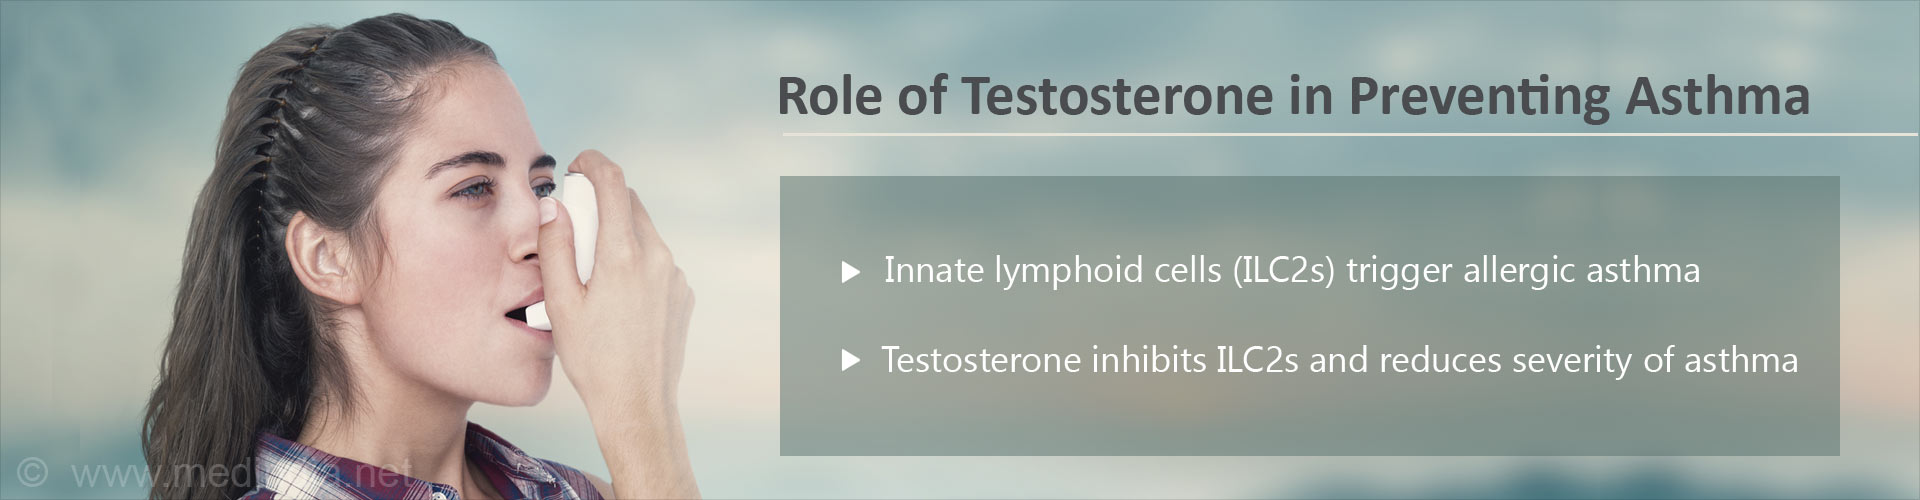 Role of Testosterone in Preventing Asthma
- Innate lymphoid cells (ILC2s) trigger allergic asthma
- Testosterone inhibits ILC2s and reduces severity of asthma

> [What you are asked to do]: Word for word and without any pictures, return all of the lines above.

> [Answer to this exercise]:
 Role of Testosterone in Preventing Asthma
- Innate lymphoid cells (ILC2s) trigger allergic asthma
- Testosterone inhibits ILC2s and reduces severity of asthma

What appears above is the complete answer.